We found that the models are seemingly better able to predict clinical deterioration when a broader definition of clinical deterioration is used to train and test the models, and that the performance of the trained models also increases when it has to predict further into the future. We found that our models, especially the logistic regression models, were able to outperform the existing early warning scores, with the best model achieving an AUPRC of 0.18 when predicting 24h into the future. However, we also found that many of the models had a lot of false positives, although fewer than the early warning scores, which is likely caused either by noisy data or by a definition of clinical deterioration that is not adequate enough. The large amount of false positives means that it is unlikely that our trained models are usable in practice. However, we believe that even a small increase in performance over the currently used early warning system could reduce patient morbidity and mortality.

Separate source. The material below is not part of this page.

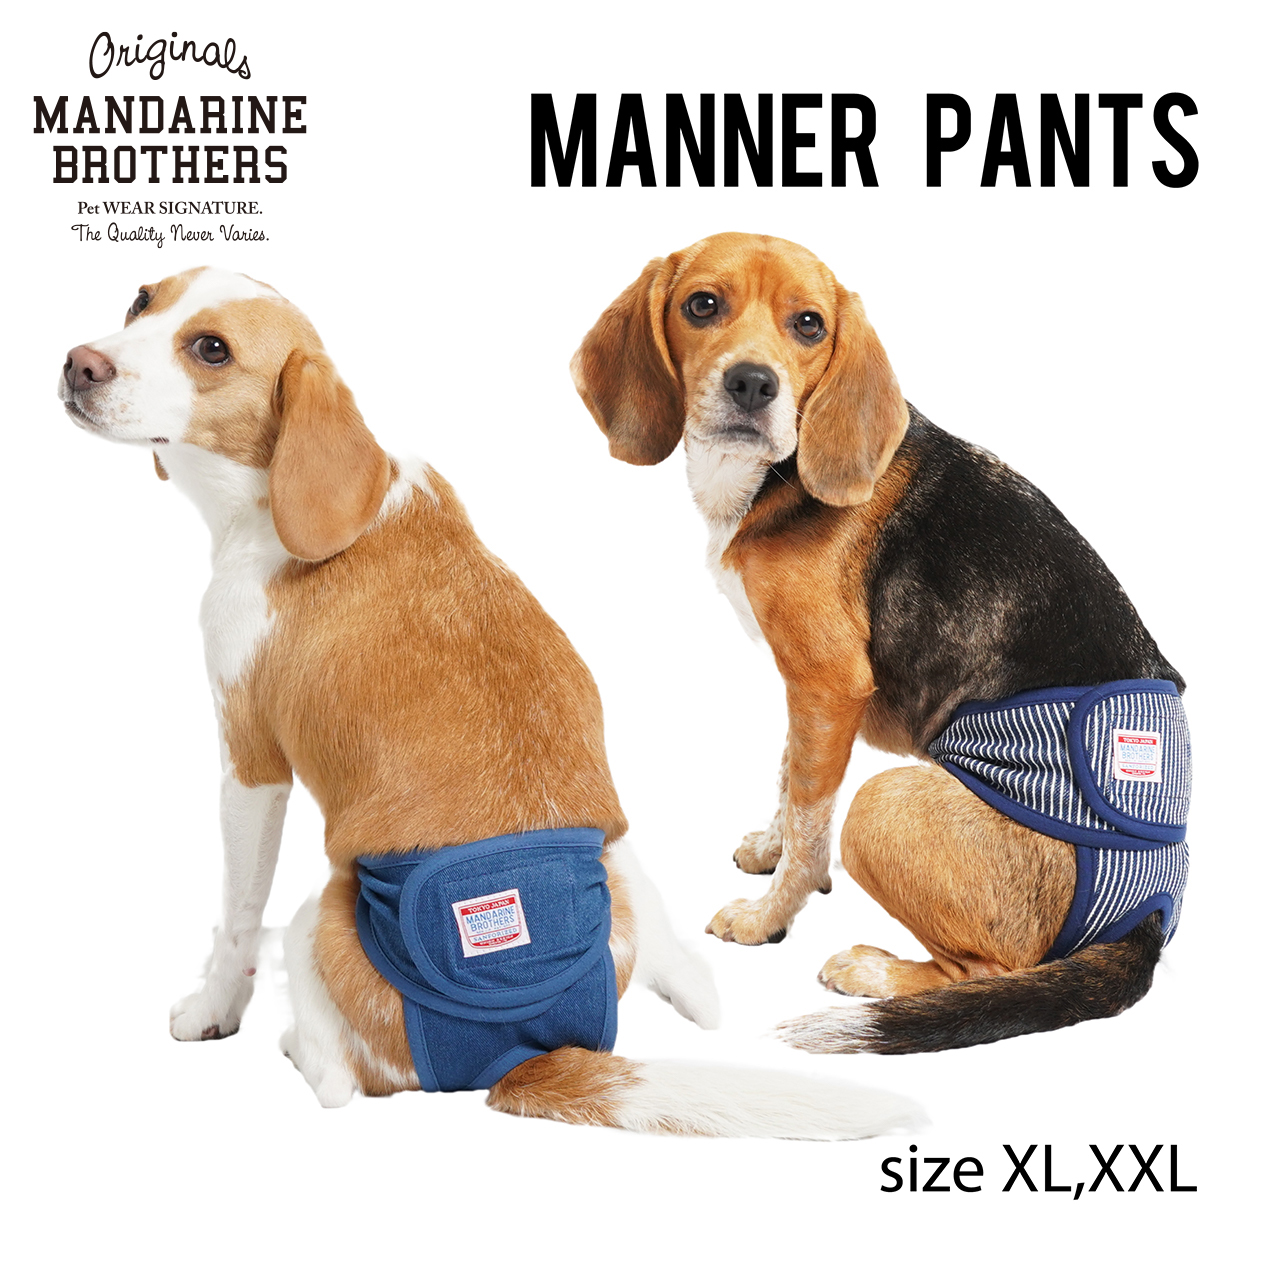 マンダリンブラザーズ 犬 マナーパンツ メス 雌 女の子 おむつ 生理 MANNER 中型犬 XXL PANTS XL BROTHERS MANDARINE 予防 定番スタイル 激安通販販売

There are ample avenues for future research. First of all, we could gather more data so that the model can see more and more different patients during training. Furthermore, we should focus on getting an adequate definition of clinical deterioration as a model cannot learn to detect deterioration with a sub-optimal definition. We could increase the number of interesting features by for example incorporating lab tests or looking at the frequency domain rather than the time domain. Naturally, we could use different models, for example an LSTM which explicitly models the passing of time or improve the manner in which we determine the optimal parameter settings. We have provided to the current research by proposing a definition of clinical deterioration that is more subjective than other definitions but could help to predict symptoms that indicate high-risk events earlier in time than models that only look at well-defined end-points. We have also proposed to use another metric in all future research in the medical domain. This metric, the AUPRC, is more indicative of model performance when dealing with imbalanced data than the often used AUROC.